Danish project level word list suggestions
Here are some possible words that could be part of Good and Bad Word Lists at a project level for projects in this language.
Bad Words List
The current BWL can basically be divided into four classes of words:
- words that shouldn't have been in the GWL in the first place (errors by aspell, such as flakkeude and hedømme),
- lowercased nouns that are scanno candidates,
- nouns where missing capitalisation is often overlooked,
- potential stealth scannos (e.g. bar/har, tik/fik, jog/jeg)

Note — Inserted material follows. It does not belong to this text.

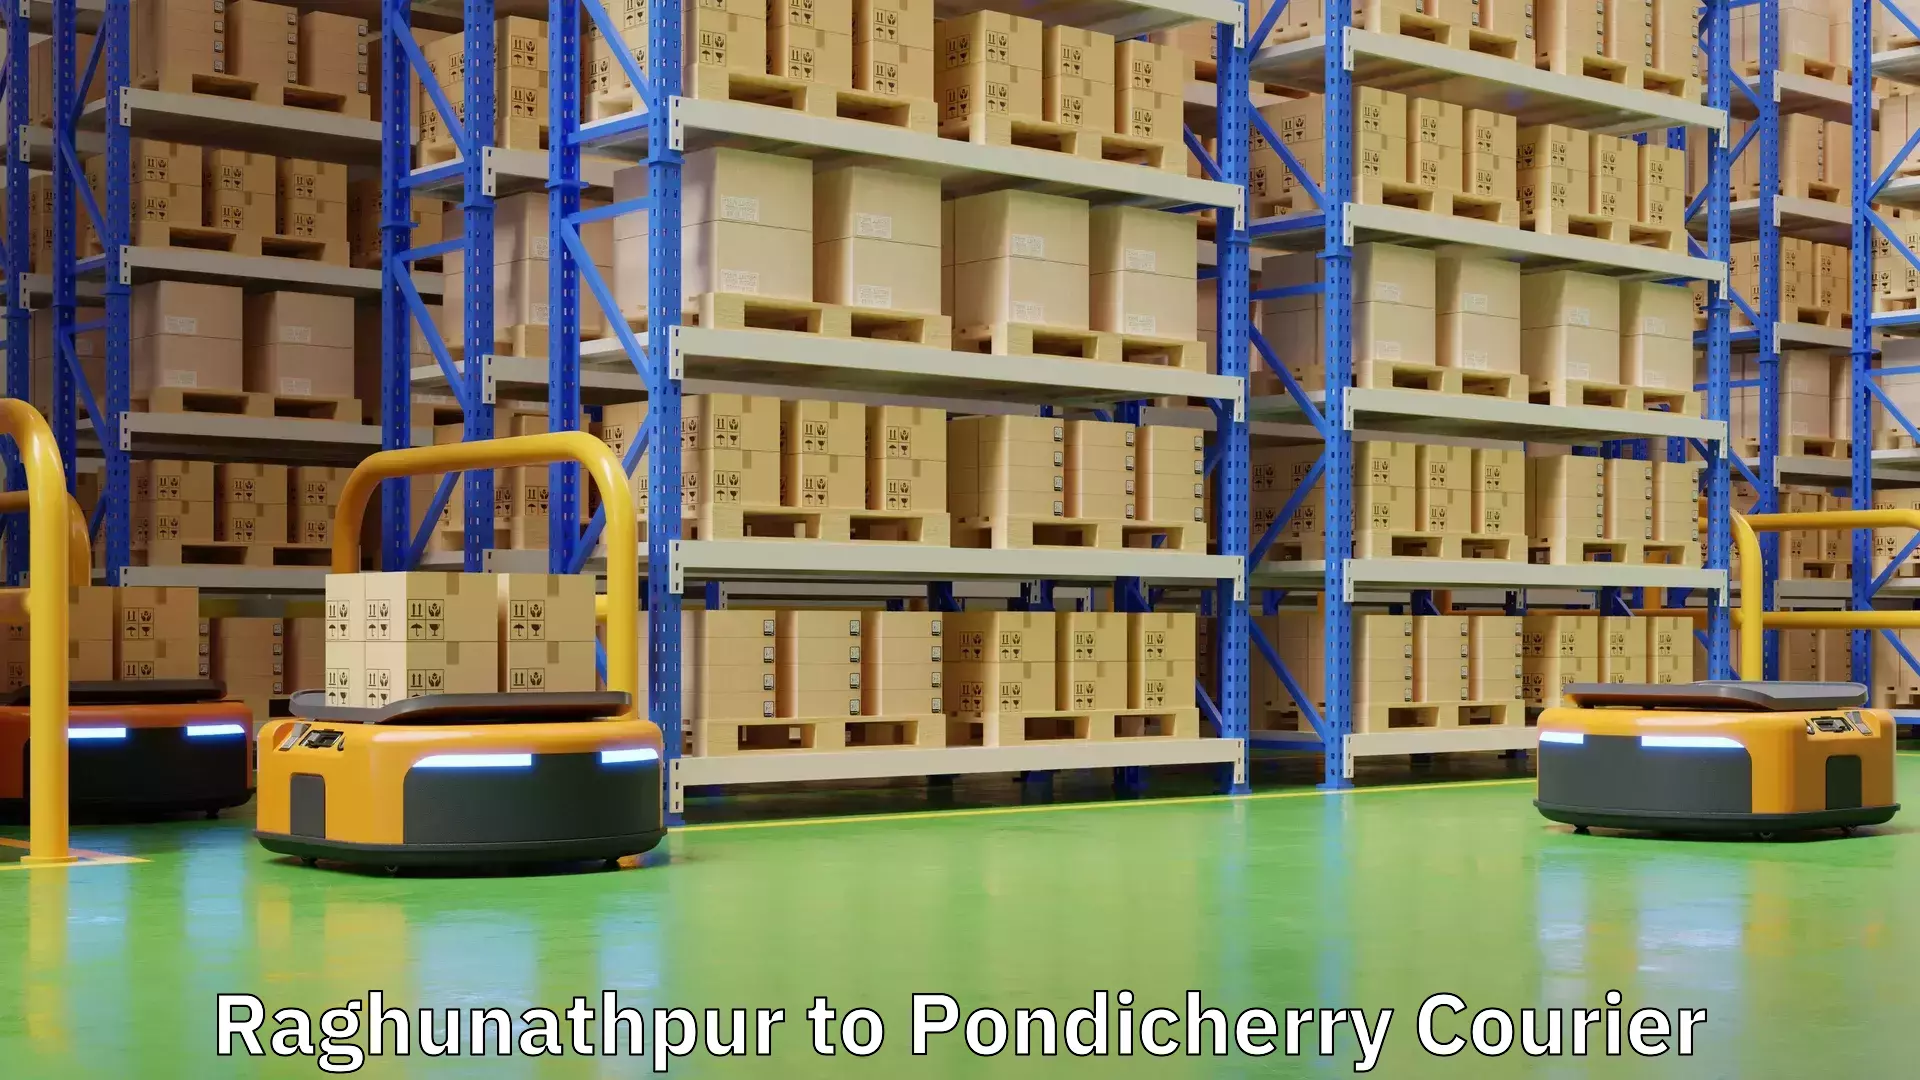 Nationwide shipping capabilities Raghunathpur to Pondicherry
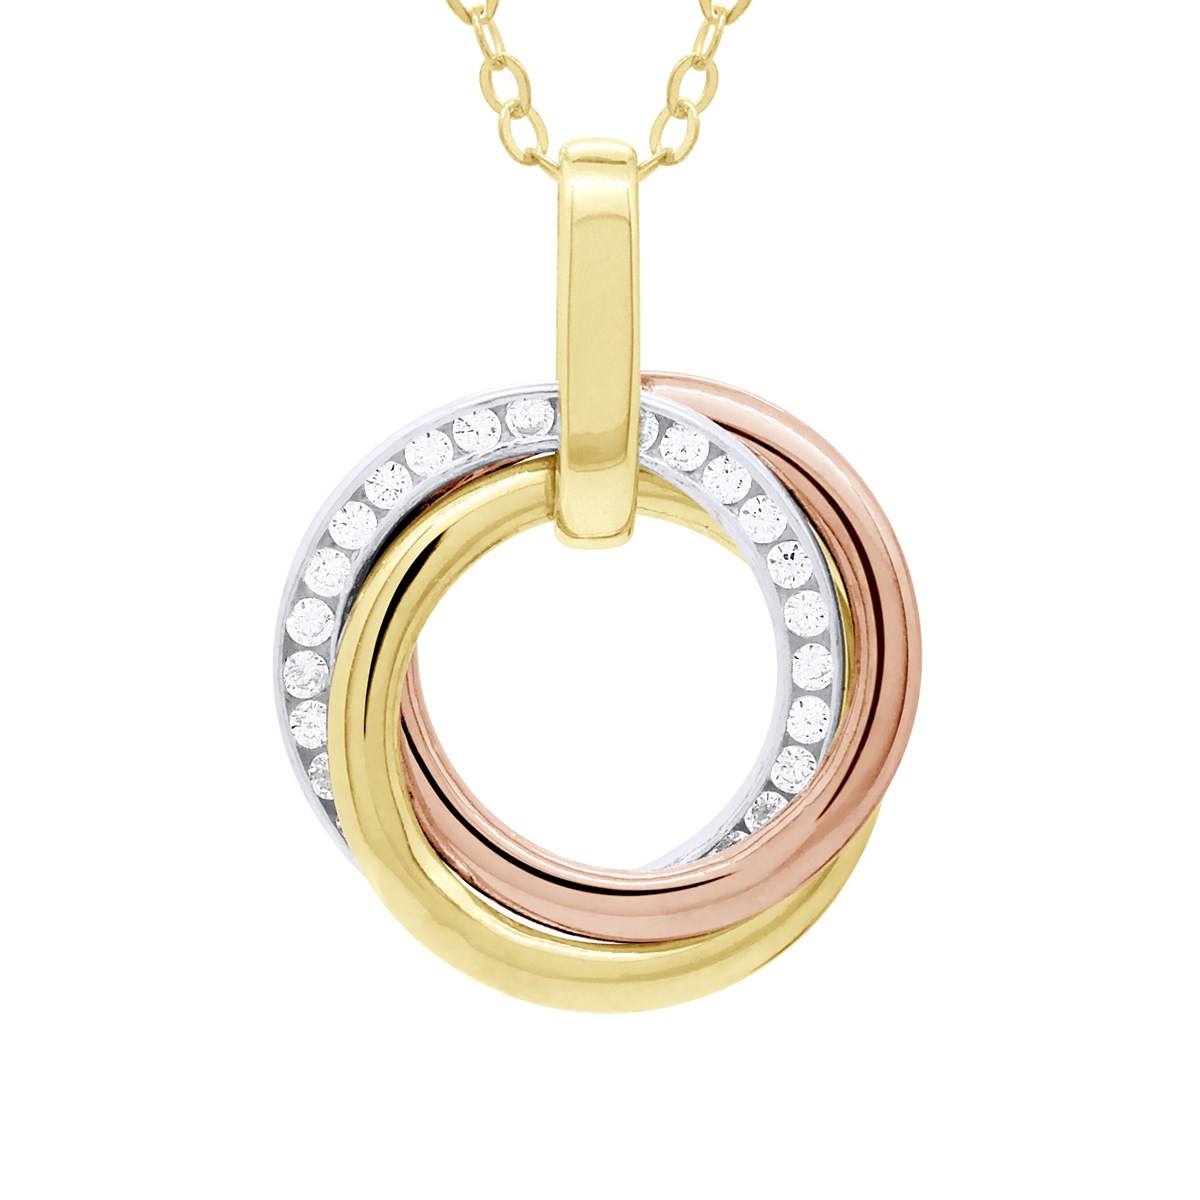 Collier Trois Ors - Ornées d'un Pendentif 3 anneaux - Fidélité, Amour et Éternité serti d' Oxydes de Zirconium

In group #3 there are typically words where the initial letter has the same shape in upper- and lowercase, such as ø/Ø, o/O, s/S, v/V, and j/J. In #2 there are nouns which are valid lowercased in modern spelling, but in DP age material they should either be uppercased or are scannos (e.g. dom should be either Dom or dem). #4 contains word that are not extremely common, so har, fik and jeg are not included at the moment, as they would give very many false flags. Unfortunately the lists linked to above don't maintain their original sorting, so it isn't easy to see which words belong to which group - this makes it harder to remove lowercased nouns from the list for books with a more "modern" style, where they're ok.
Words to add:
bæst del fil hank hanke hankede ilden knude sølv
Notes
øjne is also valid lowercased as a verb, but occurs quite often as a scanno for Øjne, so it's included in the list.
Fraktur Bad Words List
fang frist fætter kager lykke sange stikket sække taste tastede taster tastet tun
Good Words List
The current GWL has been compiled from project word lists from around 25 projects that had completed P3. Many words (~9000 of 11000) occured only in 1 list, so upcoming projects are still likely to contain many words that are not in the general GWL. A considerable effort has been made to clean proper names from individual projects out of the list, so it should only contain words that are actually valid and "normal".
Spellings with i (Øine, Leilighed) have been left out of the GWL, as they'll also be likely scannos for the much more common j counterparts (Øjne, Lejlighed).
Words to consider including in the future:
20erne 30erne 40erne 50erne 60erne 70erne 80erne 90erne